По мере того, как я слушал Пастернака, все становилось стихами. Как Орфей, он превращал в поэзию окружающий мир: сутулая спина Эренбурга; красные, возбужденные глаза Шкловского; новый смокинг Дули Кубрика; фигура официанта в заношенной белой тужурке; мраморные столики кафе; я сам, ставший частью этого мира, — все преображалось, все начинало жить до сих пор скрытой от глаз жизнью.

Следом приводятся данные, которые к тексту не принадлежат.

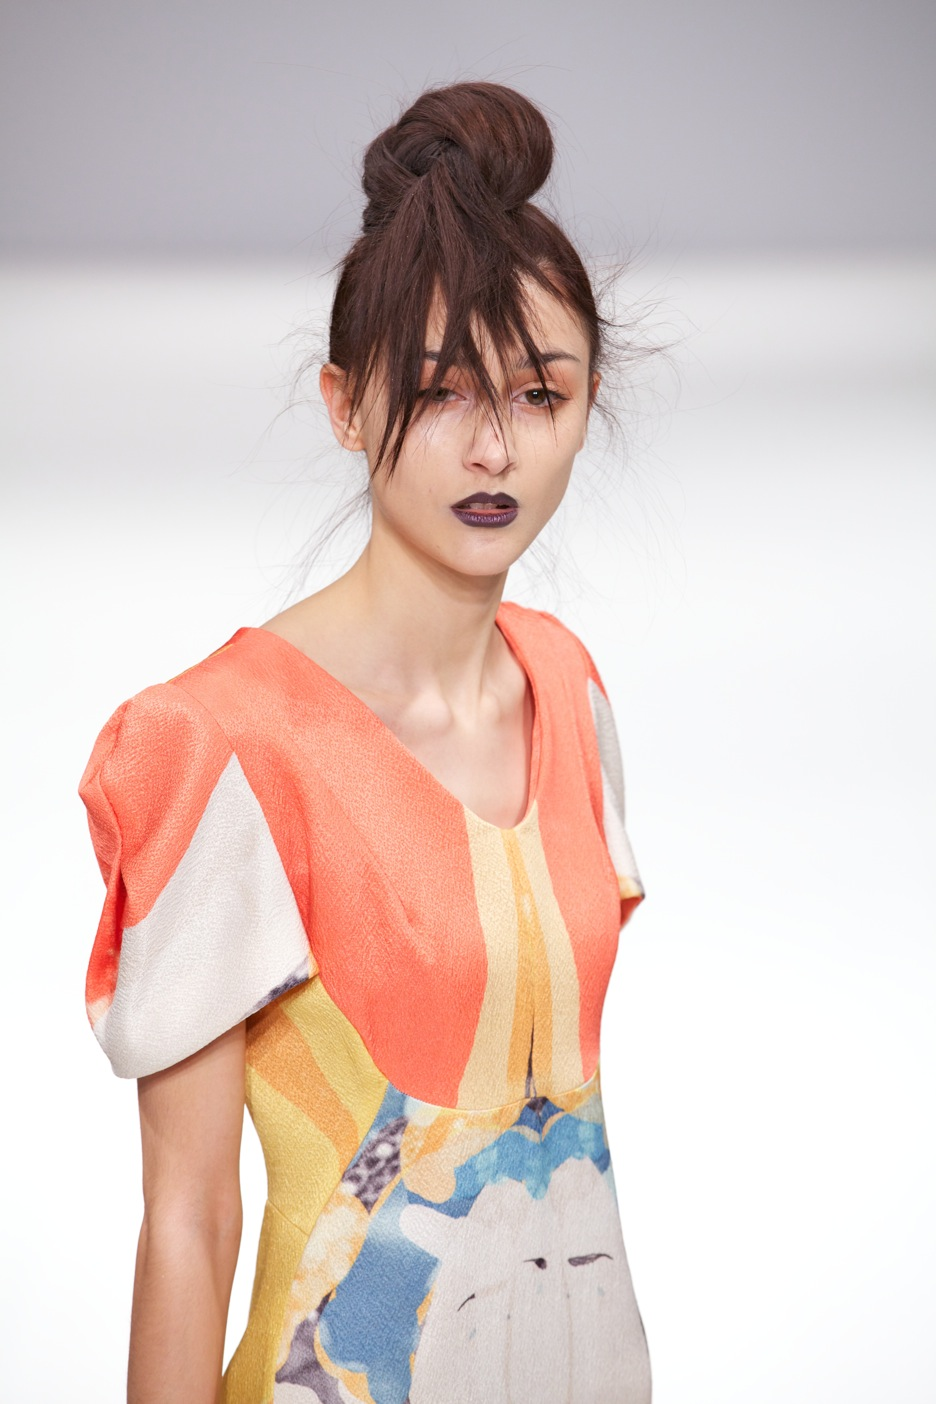 Lulu Liu A-W 2014 (c) Marcaitken 2014  31.jpg

Может статься — так, может иначе,
Но в несчастный некий час
Духовенств душней, черней иночеств
Постигает безумье нас.
Глуховатый голос зажигал произносимые слова, и строка вспыхивала, как цепочка уличных фонарей. Лицо Пастернака было сосредоточенно, замкнуто в самом себе. Я подумал, что таким было лицо Бетховена, сквозь глухоту вслушивающегося в свою музыку. Иногда мне казалось, что я могу осязать звук слов. Все это не поддавалось логическому, рациональному объяснению, но я этого объяснения и не искал, да и не хотел искать. Пастернак ввел меня в четвертое измерение, преобразил мир, я вдруг увидел собственное сердце, пульсировавшее в такт его стихам.

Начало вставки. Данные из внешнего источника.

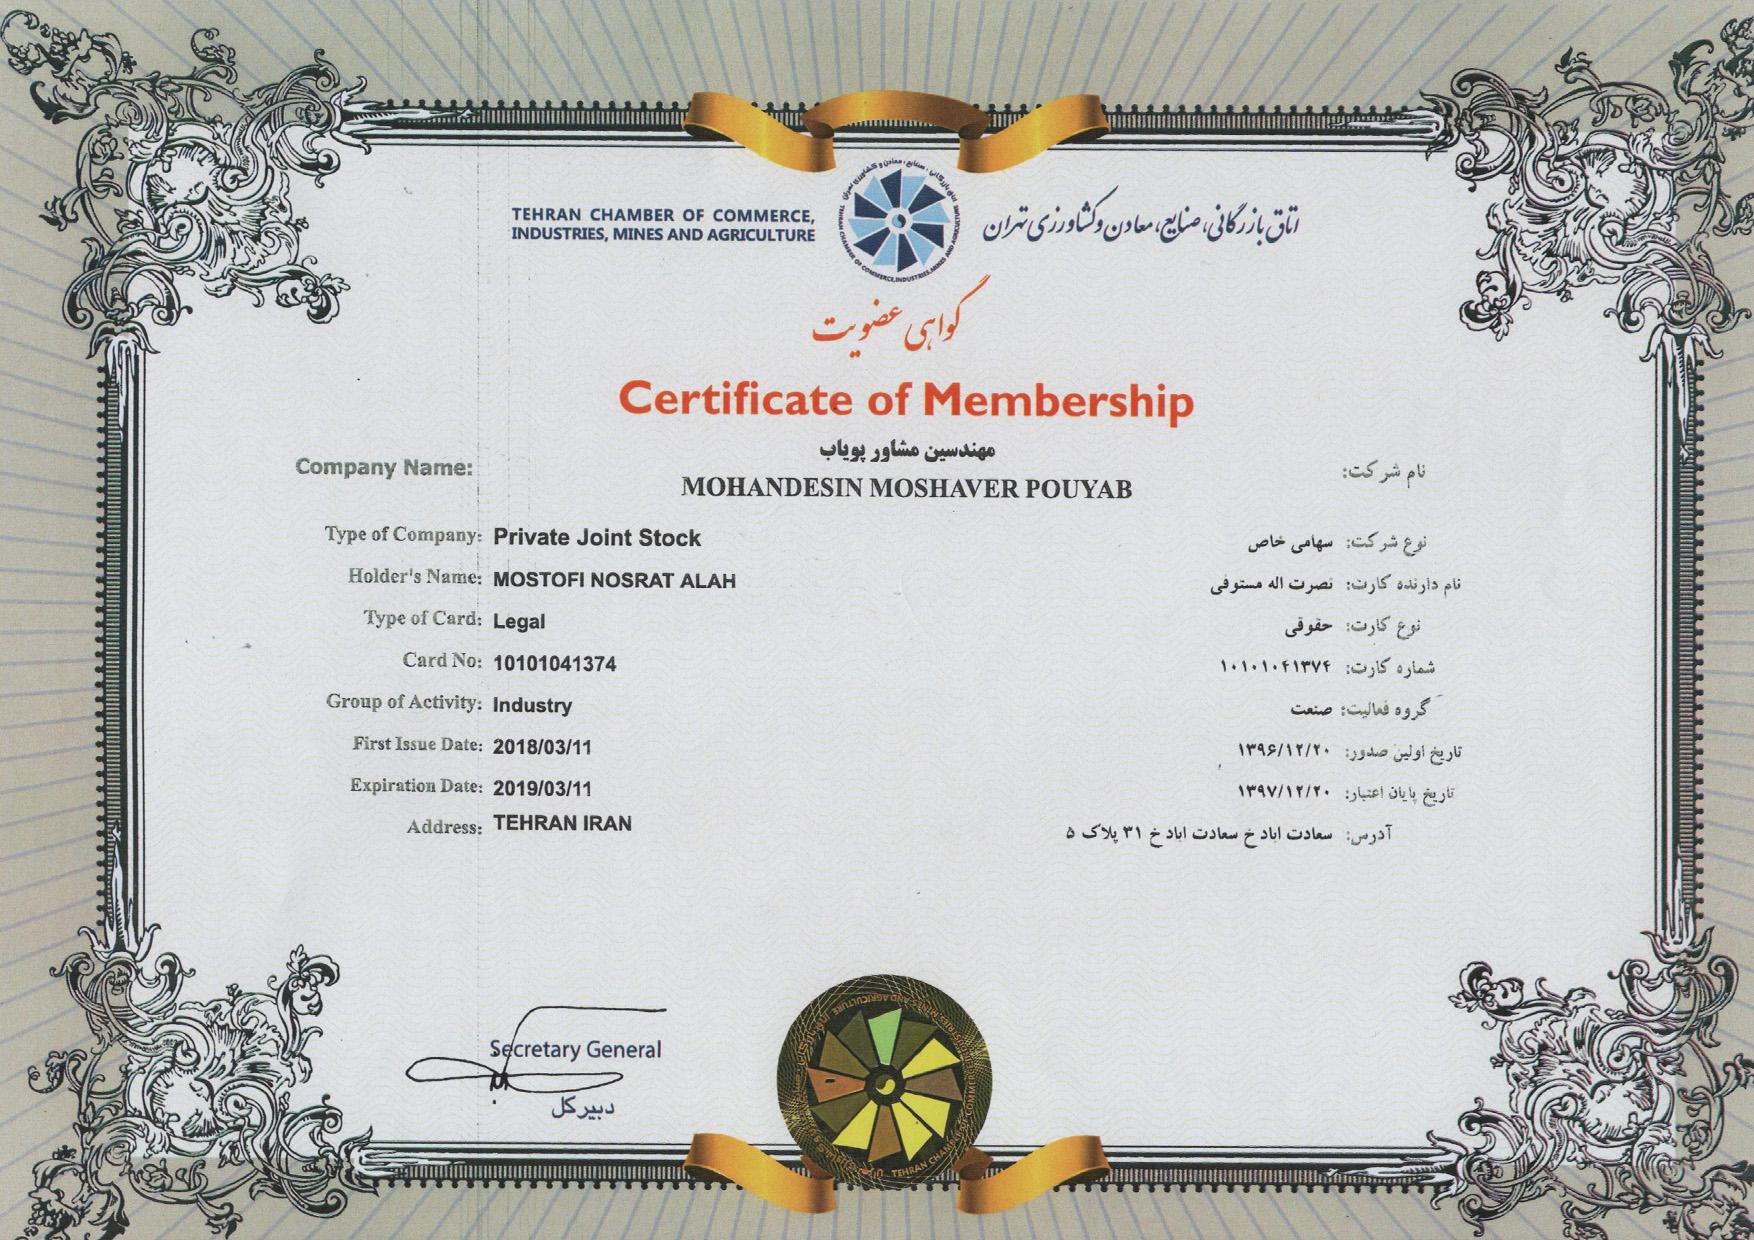 CRTF-TehranChamberOfCommerce-Pooyab

Я вышел из кафе совершенно пьяный от нахлынувших на меня впечатлений. Поднялся на эстакаду, вошел в тускло освещенную станцию метро. Вошел в вагой для того, чтобы выйти на ближайшей станции — Глайздрейэке. Я попал в мир железнодорожных мостов, перешагивавших пустынную улицу. Над головой проносились поезда — грохот начинался издалека, нарастал, обрушивался лязгом и чудовищно ритмичным стуком колес. Этот грохот был похож на стихи Маяковского своей неудержимостью. Я «мял взмахами шагов» мокрый от дождя тротуар, бежал от грохота поездов, но один состав сменялся другим, и после короткой паузы, когда становились слышными звонкие капли, срывавшиеся с черного моста и разбивавшие тонкое стекло луж, снова вдалеке возникал грохот надвигающейся лавины.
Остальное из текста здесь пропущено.